### Records for this task:
========

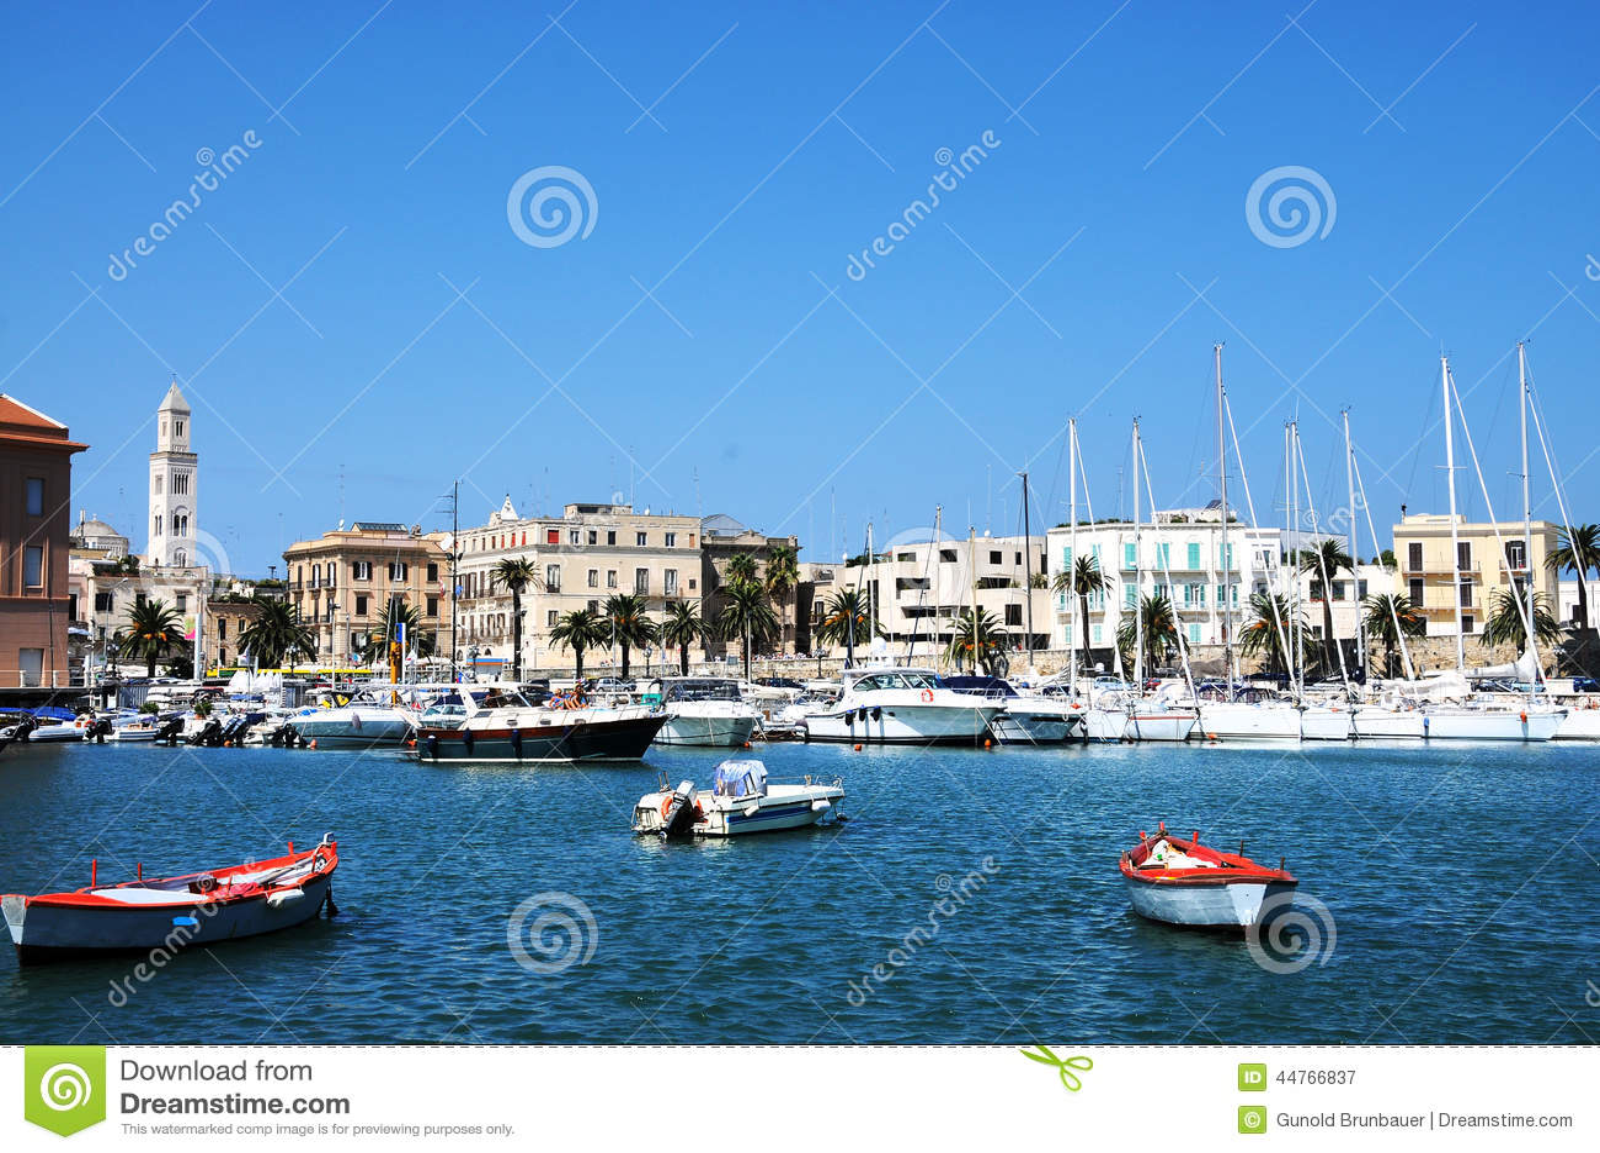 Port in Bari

========

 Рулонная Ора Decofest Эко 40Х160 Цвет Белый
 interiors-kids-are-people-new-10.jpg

========

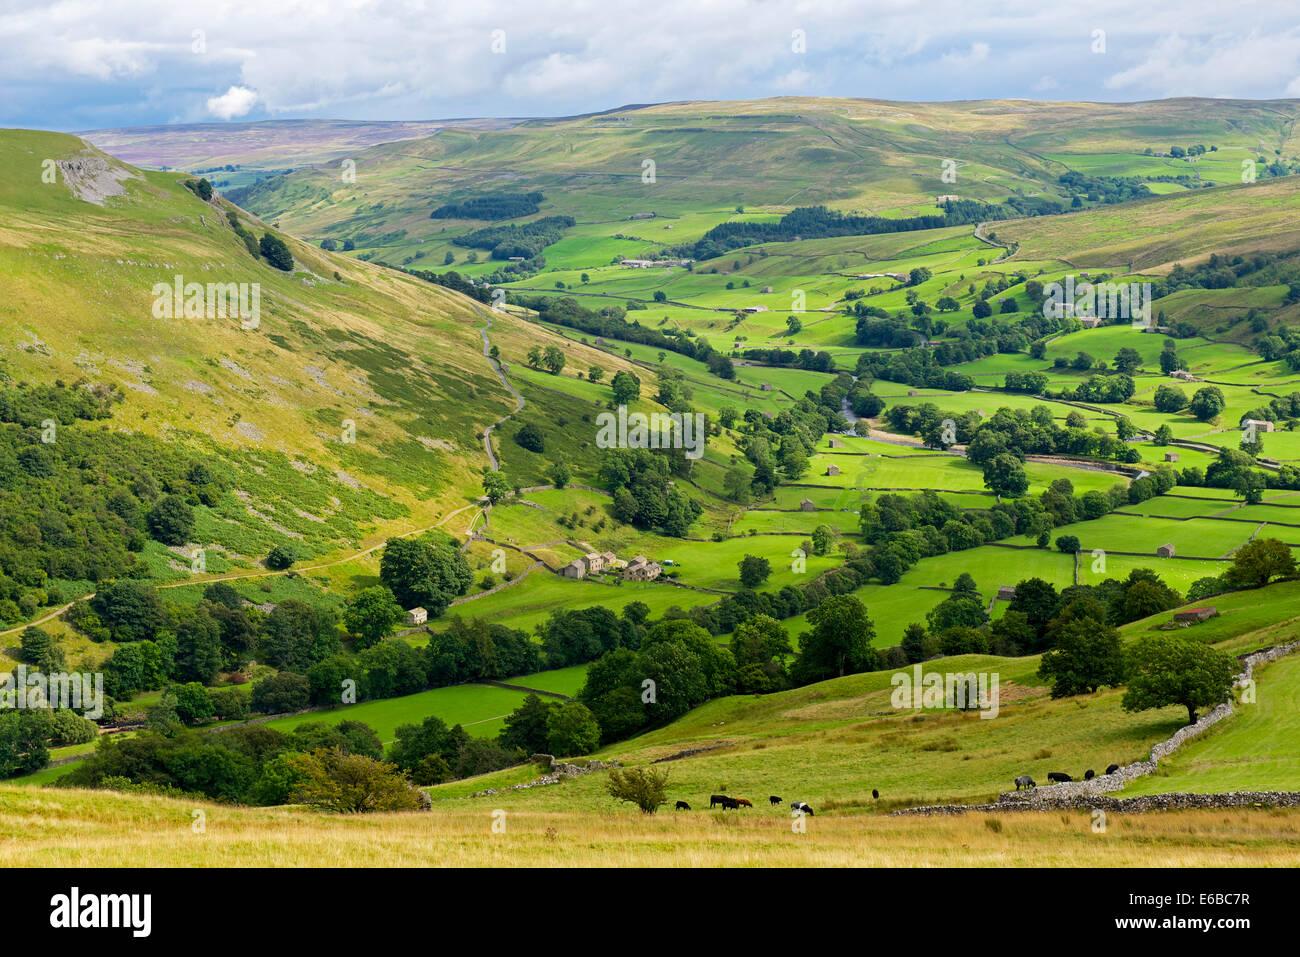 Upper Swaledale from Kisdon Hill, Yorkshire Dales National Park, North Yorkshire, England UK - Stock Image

========

### Problem:
For this task, write out exactly the lines of the entries above, starting at the line with "Рулонная Ора Decofest Эко 40Х160 Цвет Белый" and ending at the line with "interiors-kids-are-people-new-10.jpg", both included, and no others.

### Response below:
 Рулонная Ора Decofest Эко 40Х160 Цвет Белый
 interiors-kids-are-people-new-10.jpg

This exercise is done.